Tolstoy changes his mind several times about whether literature should be about art or politics. At first he asserts there is no place for propaganda in fiction: “However important a political literature may be, a literature that reflects the passing problems of society, and however necessary to national progress, there is still another type of literature that reflects the eternal necessities of all mankind, the dearest and deepest imaginings of a whole race, a literature that is accessible to all and to every age, one without which no people has been able to grow powerful and fertile” (p200, Tolstoy, Troyat).
When Alexander II becomes Tsar in 1855 discussions on this topic grow loud because he is seen as a reformist: many of Tolstoy’s literary contemporaries and the educated public want serious stories that deal with Russia’s social concerns.

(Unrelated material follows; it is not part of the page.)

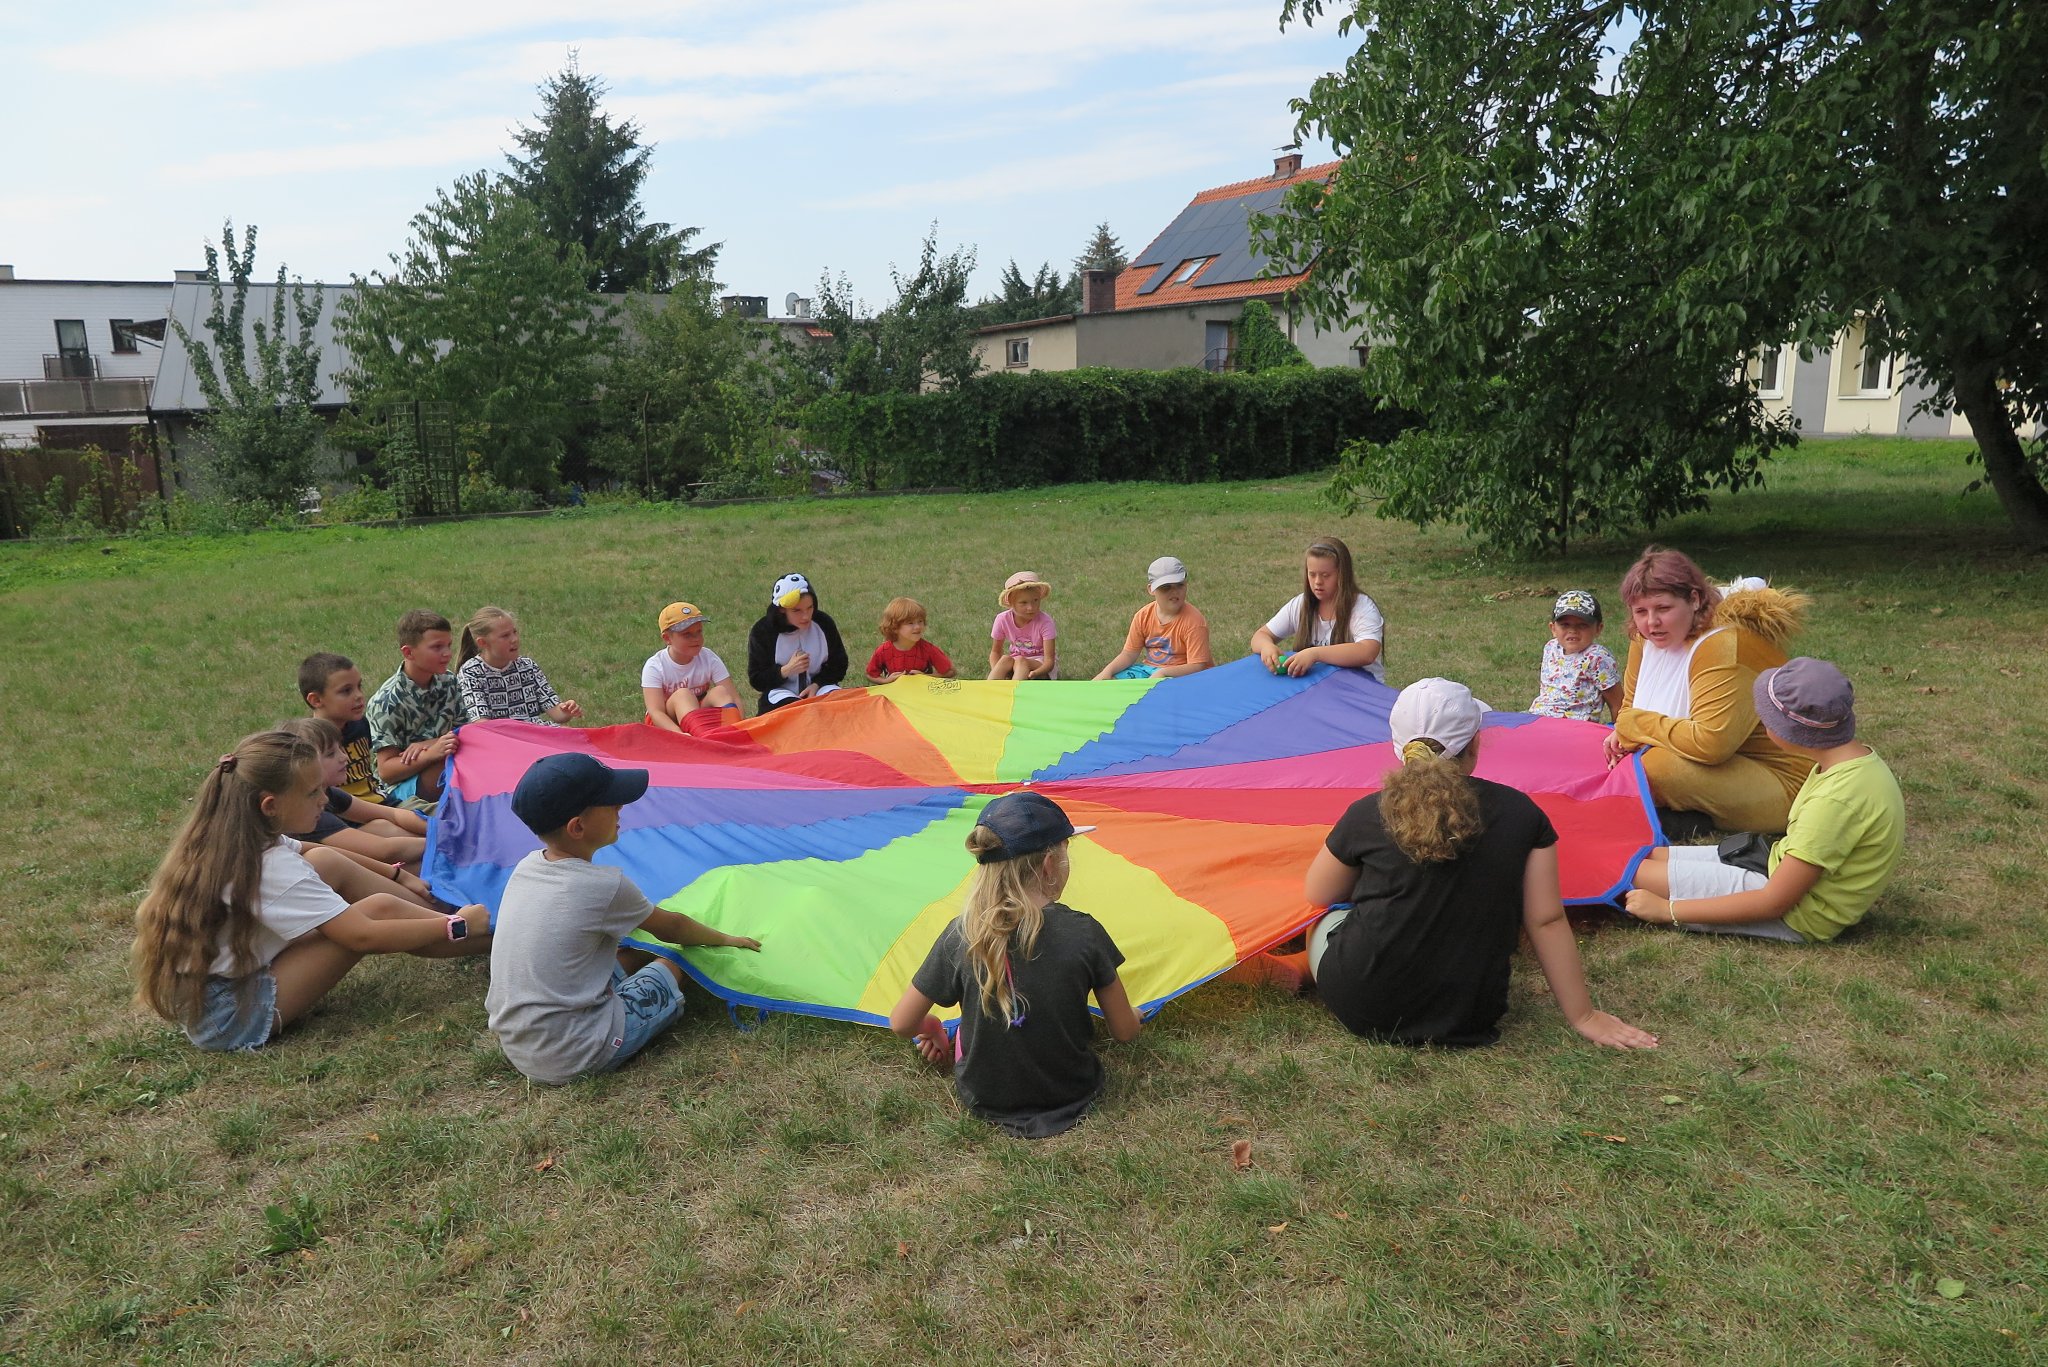 dzieci siedzą na trawie po okręgu, trzymają w rękach rozciągnięty "spadochron"

When Tolstoy joins more than 100 other writers to support the Tsar’s abolition of serfdom, he says he feels nauseated by the close relationship between artists and social action. In the late 1890s, however, he forcefully argues the opposite in his essay What is Art?
Tolstoy’s habit is to work on more than one story at a time and his body of work is immense, especially considering the size of his two best-known novels. At the time of his death his wife Sophia is working on a Complete Works in 28 volumes, and his loyal disciple Vladimir Chertkov is toiling over The Collected Thoughts of L N Tolstoy, which includes literature, essays, diaries and correspondence. Chertkov was later involved in the Soviet Government’s Complete Works, which is published after his death and stretches to 90 volumes.
The diversity of his work is also substantial, particularly because his focus shifted towards philosophy and the writing of Essays after he entered his fifth decade. The works listed below are all fictional and are listed in the order they were first published or publicly performed, rather than written. Some first appeared as to-be-continued sections in periodicals, as signified by dates that span several years. It is not a comprehensive list.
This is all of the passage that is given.